## [DESCRIPTION OF THE TASK]
Repeat every line of the data exactly; the pictures stay out.

## [INPUT DATA]
*****
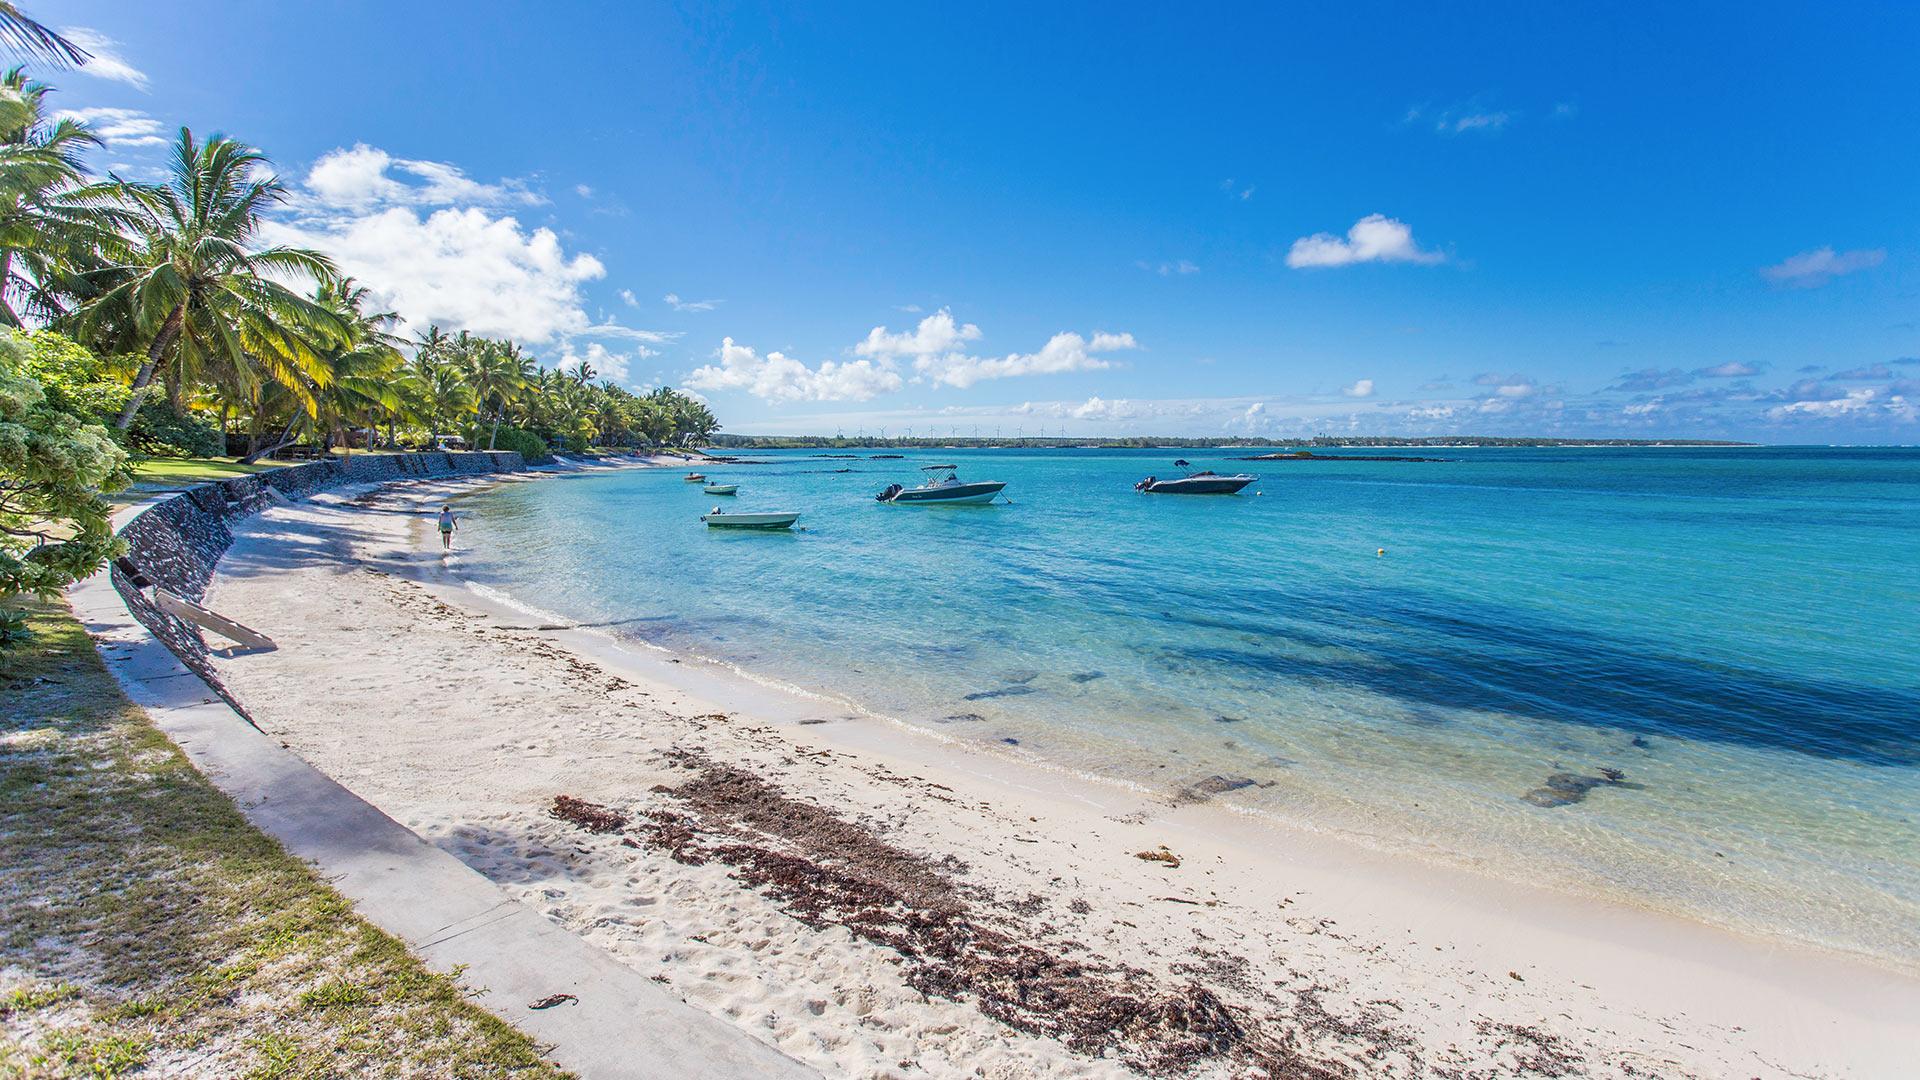 Villa Villa Corail Mauritius, Rental in Mauritius East
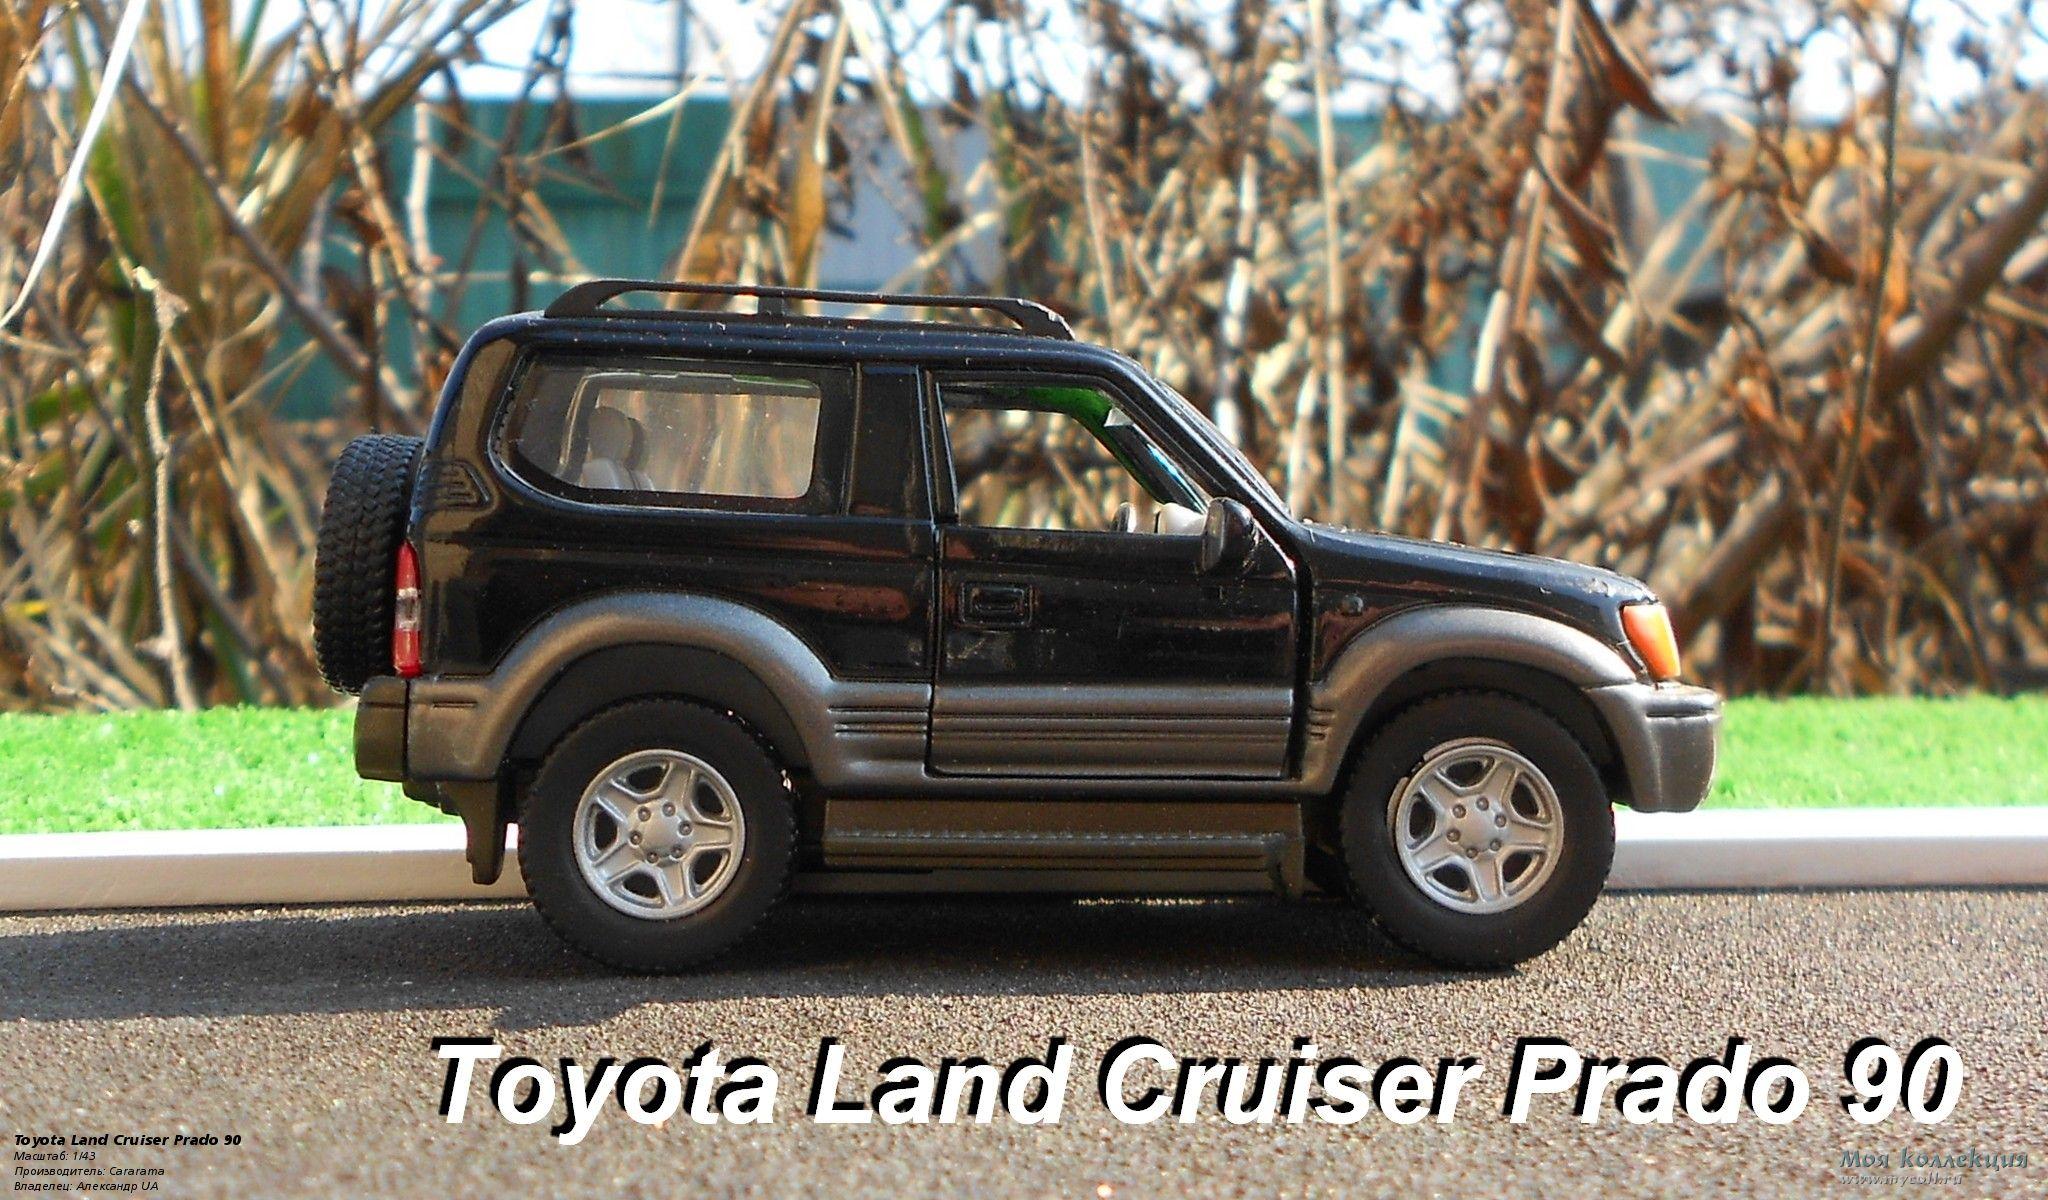 TOYOTA Land Cruiser / Prado models - autoevolution
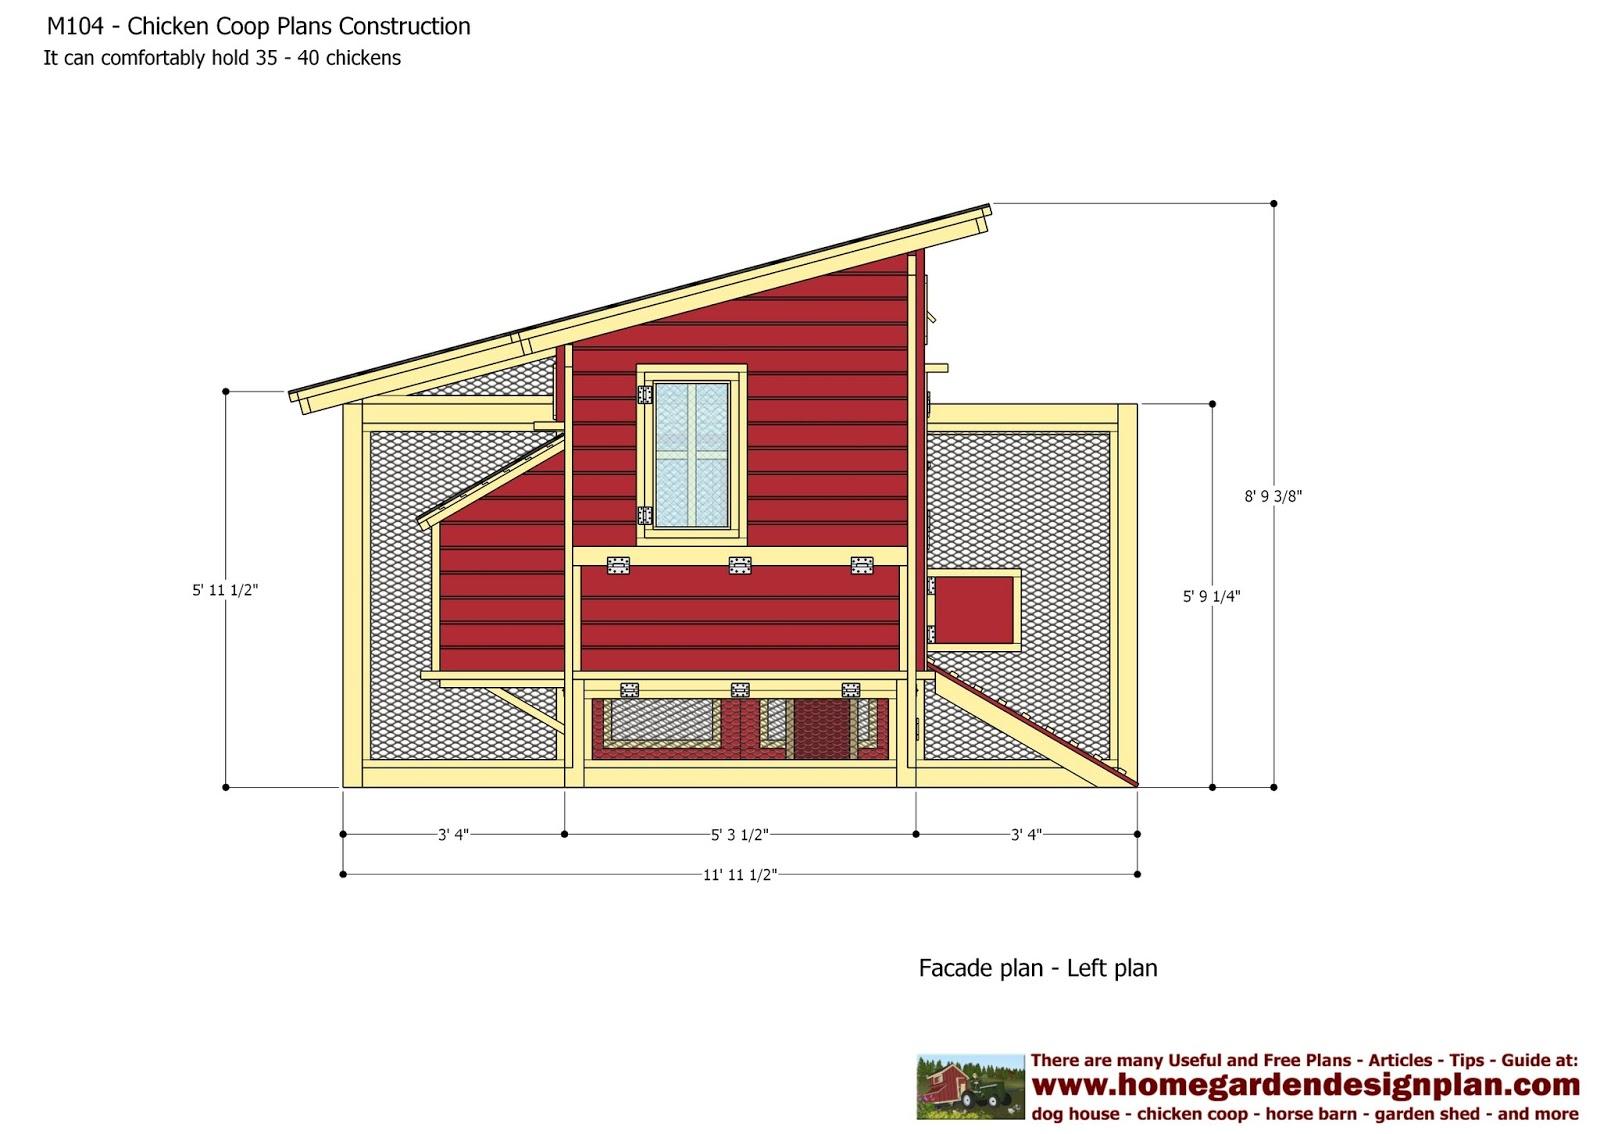 home garden plans: M104 - Chicken Coop Plans Construction ...
*****
## [COMPLETED EXERCISE]
 Villa Villa Corail Mauritius, Rental in Mauritius East
 TOYOTA Land Cruiser / Prado models - autoevolution
 home garden plans: M104 - Chicken Coop Plans Construction ...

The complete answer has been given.